WORK REQUIRED: All lines below between the line with "Flugzeug fliegen hoch" and the line with "光宅配便レイプ3CE VELVET LIP", including both, must be copied exactly, and the pictures must be omitted.

RAW DATA:
════════════════

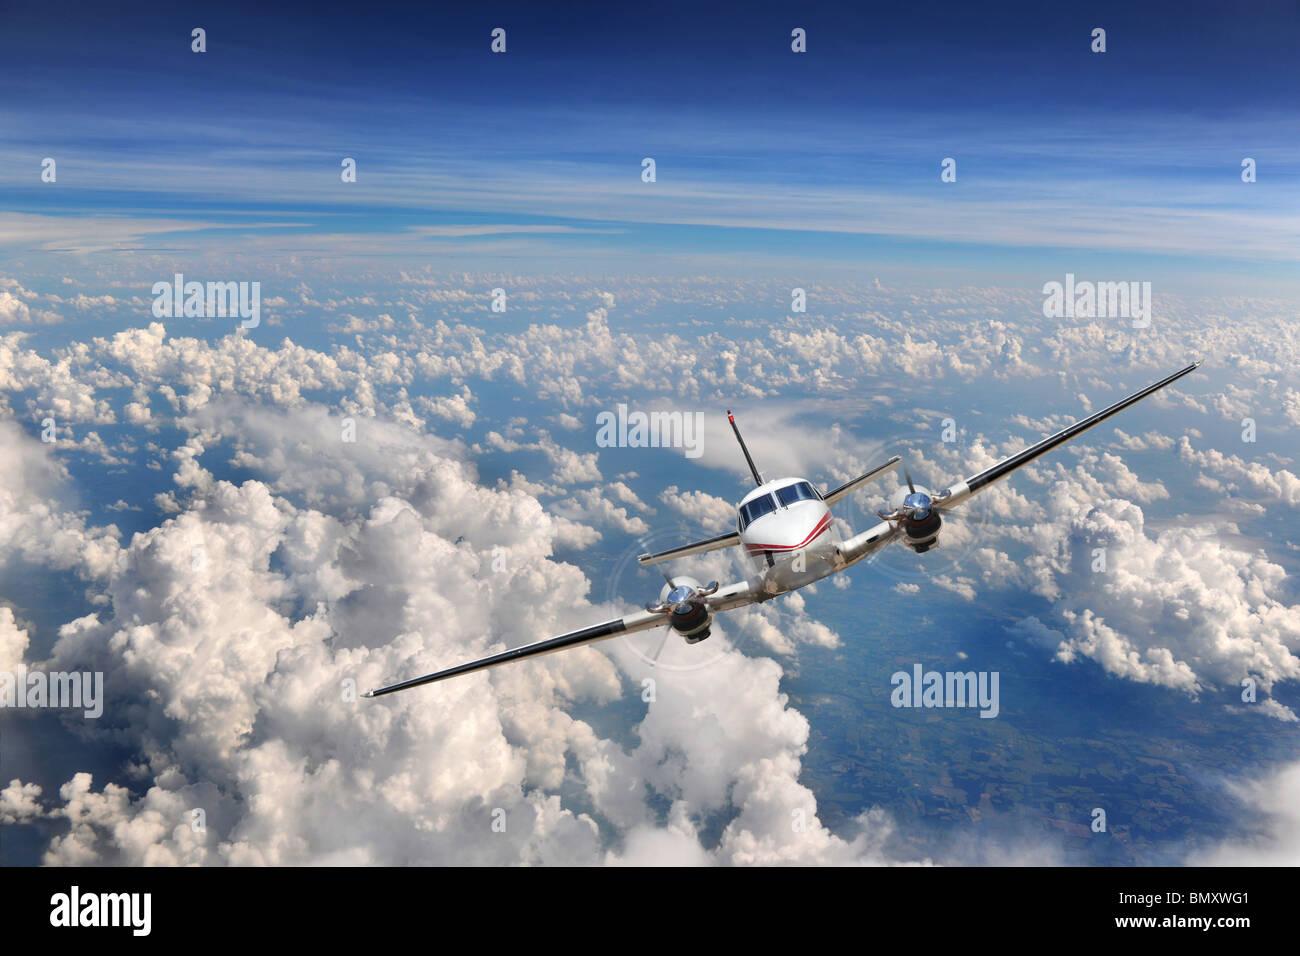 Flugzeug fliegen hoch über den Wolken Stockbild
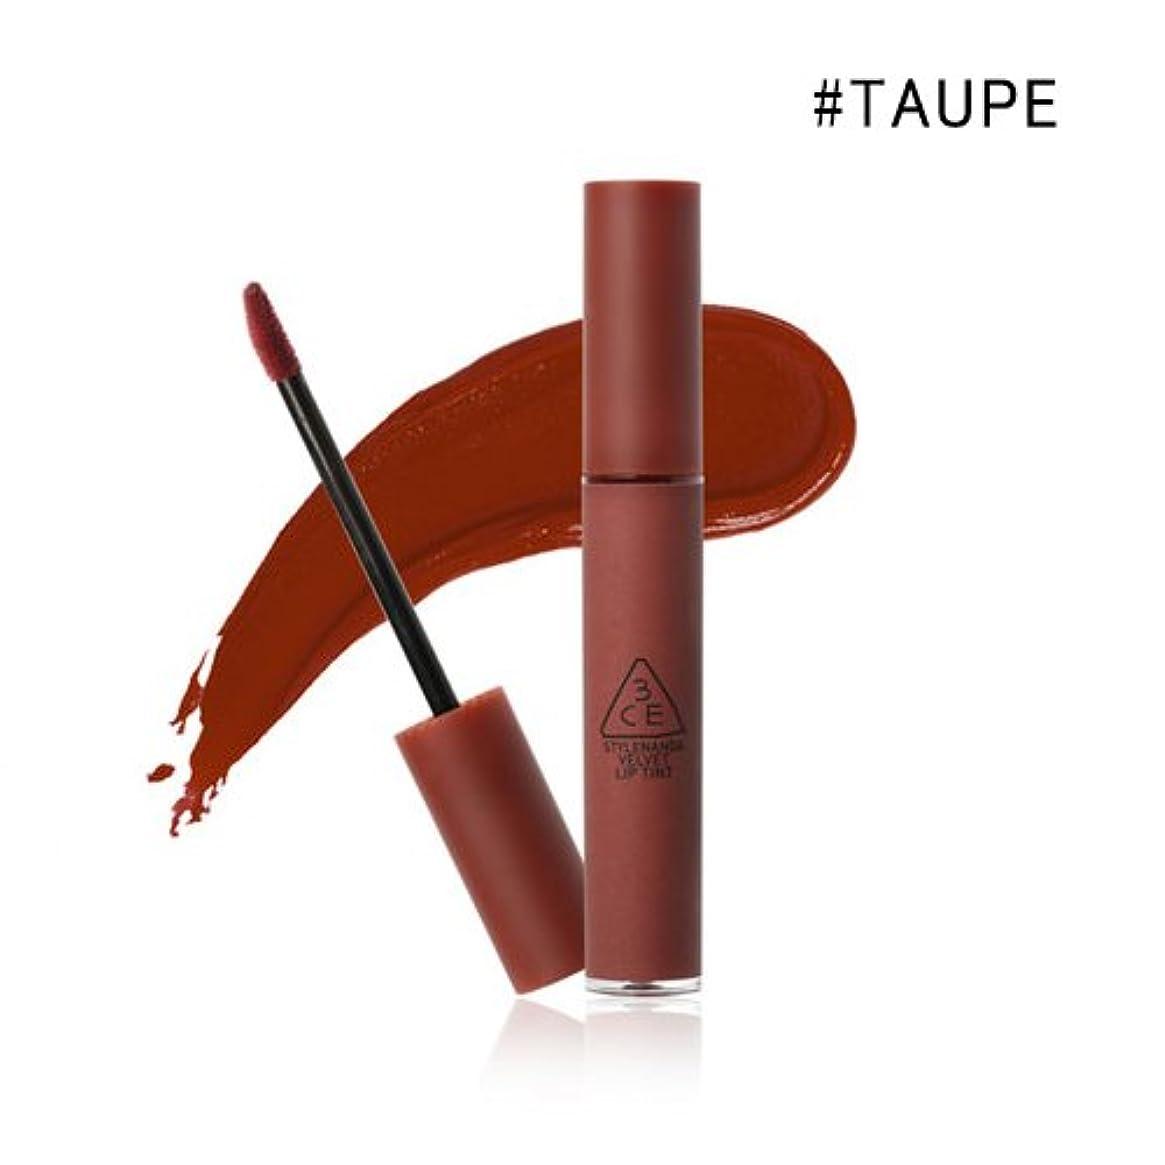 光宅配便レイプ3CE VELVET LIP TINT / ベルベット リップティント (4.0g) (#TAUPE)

════════════════

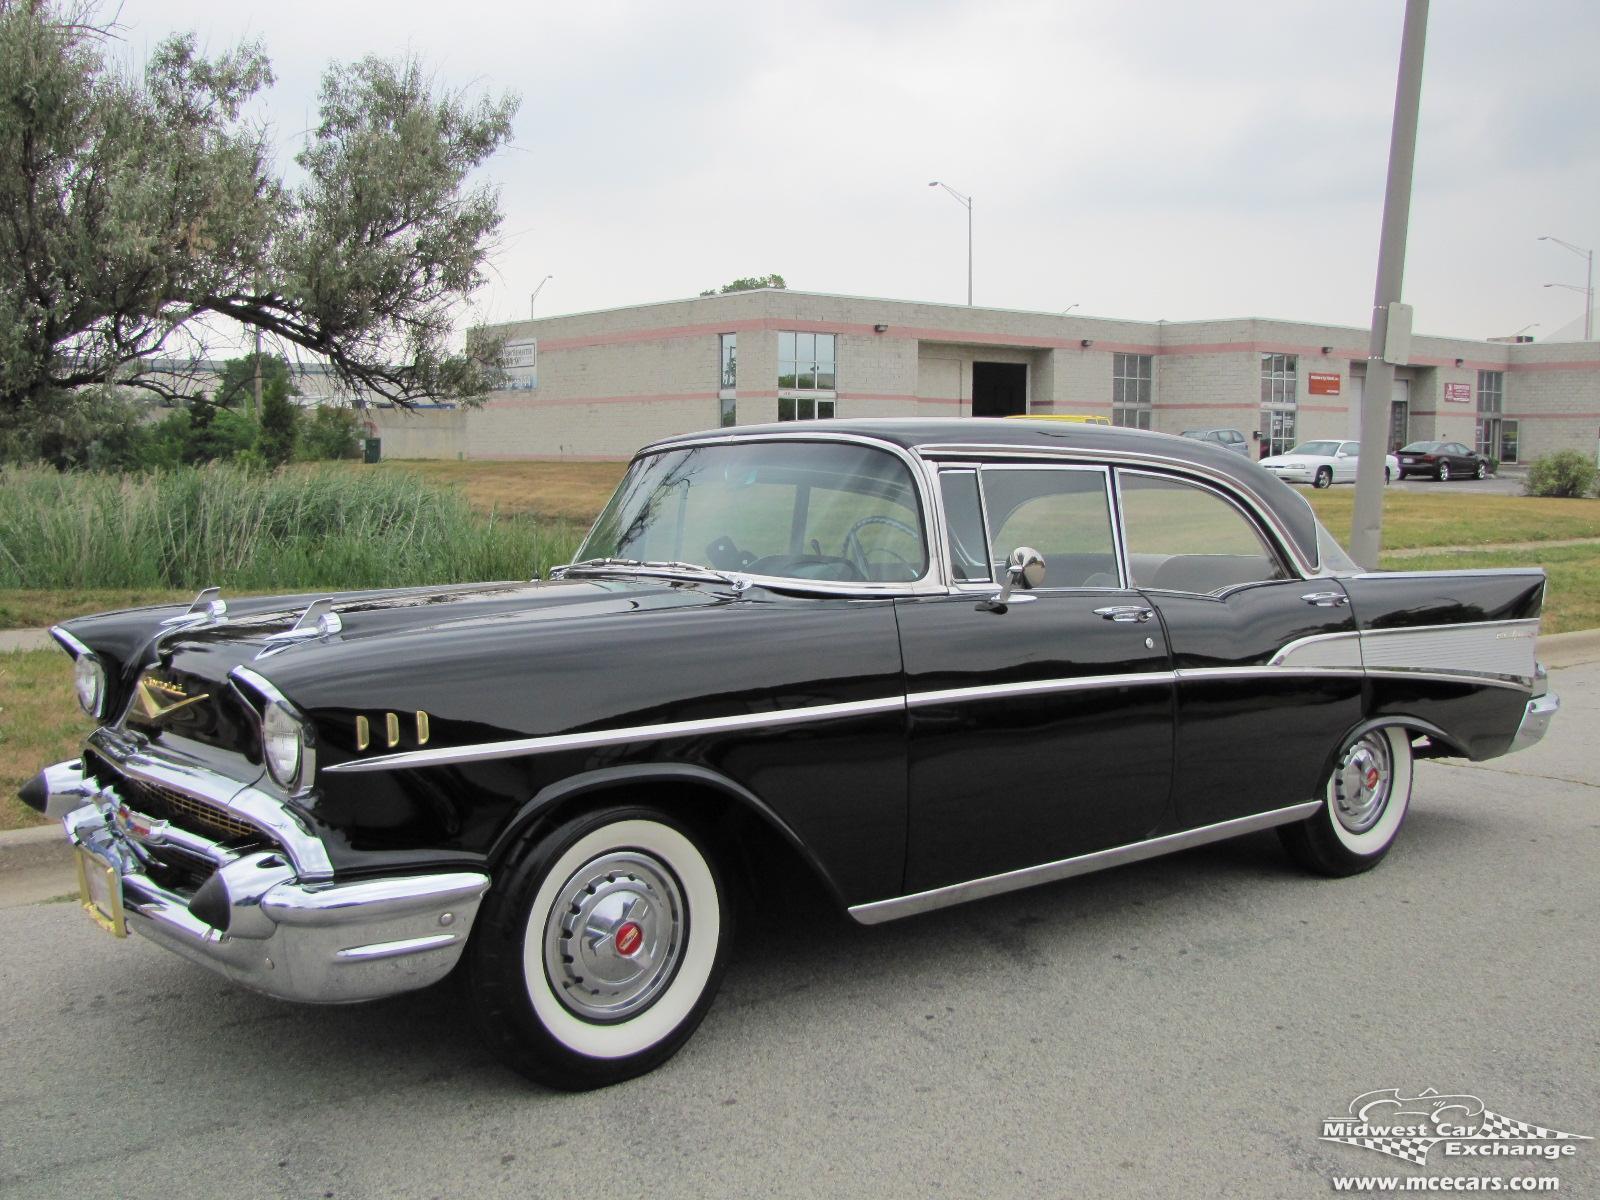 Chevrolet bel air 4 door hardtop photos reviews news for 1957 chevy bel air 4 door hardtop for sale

════════════════

RESPONSE TO THIS EXERCISE:
 Flugzeug fliegen hoch über den Wolken Stockbild
 光宅配便レイプ3CE VELVET LIP TINT / ベルベット リップティント (4.0g) (#TAUPE)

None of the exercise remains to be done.